In Germany, it is the law. § 44b UrhG says (translated):

(1) Text and data mining is the automated analysis of one or more digital or digitized works to obtain information, in particular about patterns, trends, and correlations.

(2) Reproductions of lawfully accessible works for text and data mining are permitted. These reproductions must be deleted when they are no longer needed for text and data mining.

(3) Uses pursuant to paragraph 2, sentence 1, are only permitted if the rights holder has not reserved these rights. A reservation of rights for works accessible online is only effective if it is in machine-readable form.

klntsky•3mo ago
> A reservation of rights for works accessible online is only effective if it is in machine-readable form.

What if MY machine can't read it though?

Y-bar•3mo ago
That’s your problem.

A solution has been offered and you can adhere to it, or stop doing that thing which causes problems for many of us.

luckylion•3mo ago
I doubt robots.txt would fit. robots.txt allows or disallows access, but it does not state any claim. You can license content you don't own, put it on your website, and then exclude it in robots.txt without that implying any claims of rights to that content.
Aloisius•3mo ago
> Well behaved robots do not usually use millions of residential IPs

Some antivirus and parental control control software will scan links sent to someone from their machine (or from access points/routers).

Even some antivirus services will fetch links from residential IPs in order to detect malware from sites configured to serve malware only to residential IPs.

Actually, I'm not entirely sure how one would tell the difference between a user software scanning links to detect adult content/malware/etc, randos crawling the web searching for personal information/vulnerable sites/etc. and these supposed "AI crawlers" just from access logs.

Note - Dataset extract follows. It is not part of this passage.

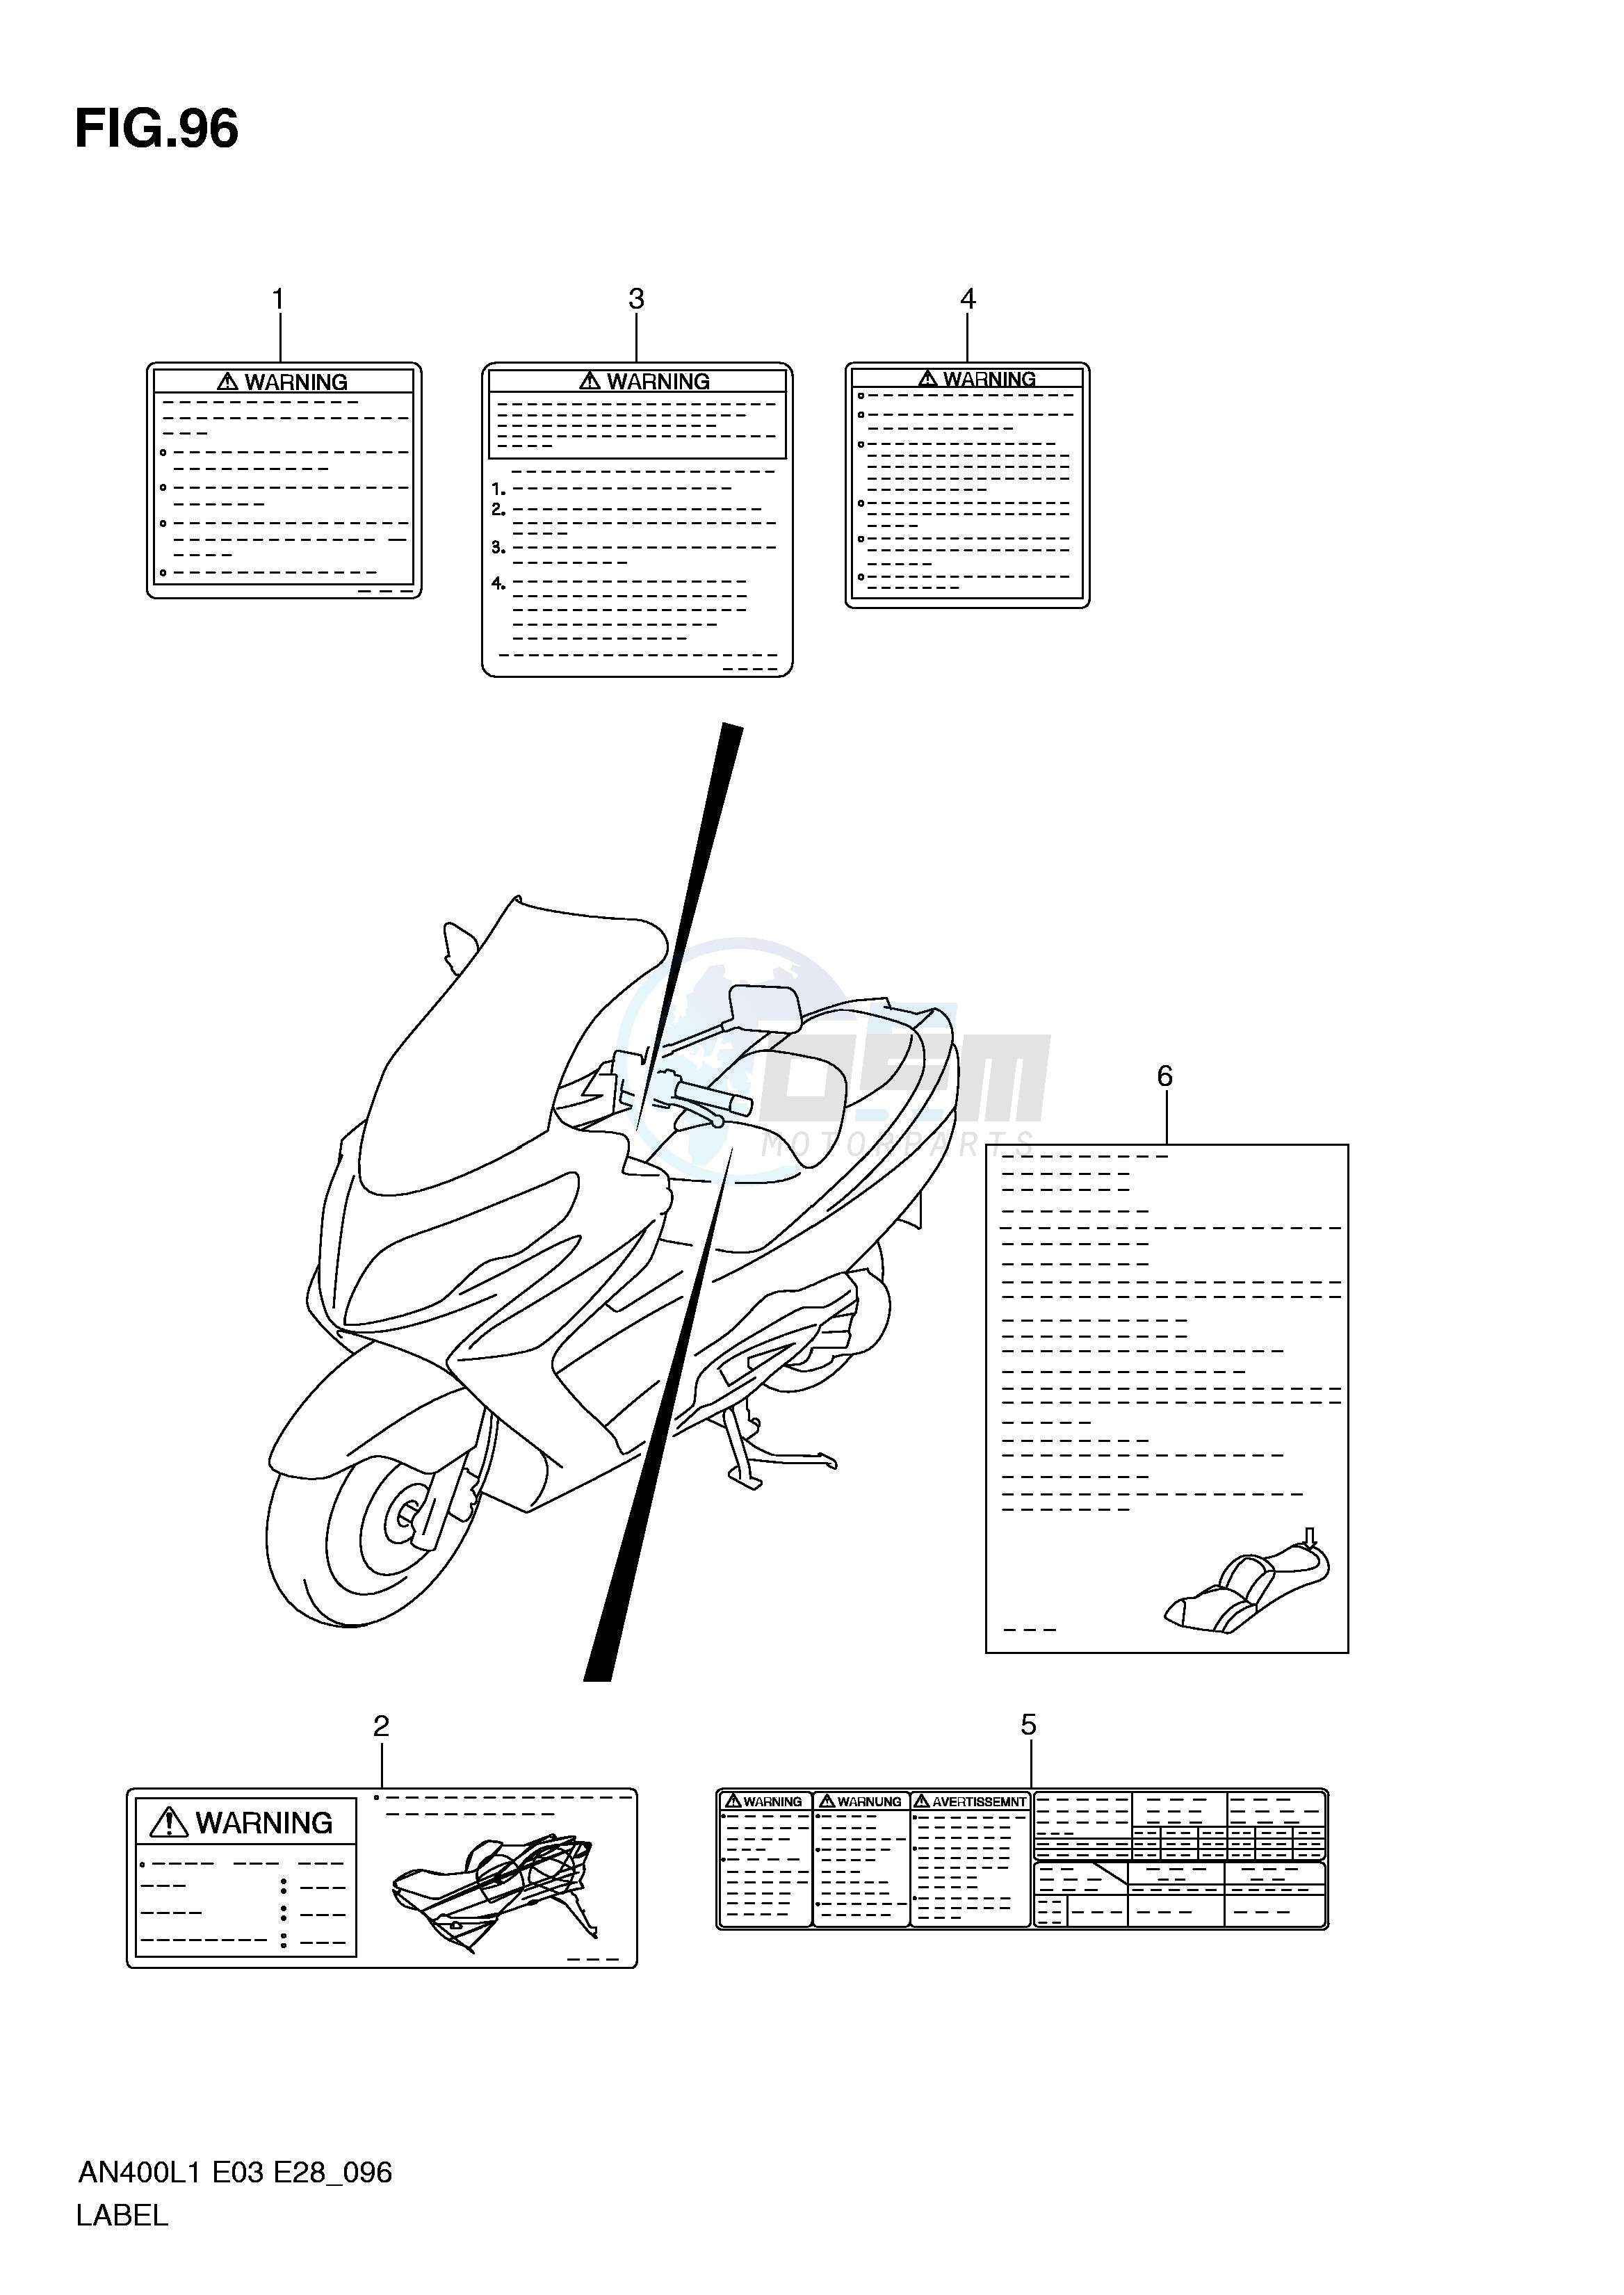 LABEL (AN400ZAL1 E28) blueprint

While I'm certainly not going to dismiss the idea that these are poorly configured crawlers at some major AI company, I haven't seen much in the way of evidence that is the case.

kijin•3mo ago
Occasionally fetching a link will probably go unnoticed.

If your antivirus software hammers the same website several times a second for hours on end, in a way that is indistinguishable from an "AI crawler", then maybe it's really misbehaving and should be stopped from doing so.

Aloisius•3mo ago
Legitimate software that scan links are often well behaved, in isolation. It's when that software is installed on millions of computers that in aggregate, they can behave poorly. This isn't particularly new though. RSS software used to blow up small websites that couldn't handle it. Now with some browsers speculatively loading links, you can be hammered simply because you're linked to from a popular site even if no one actually clicks on the link.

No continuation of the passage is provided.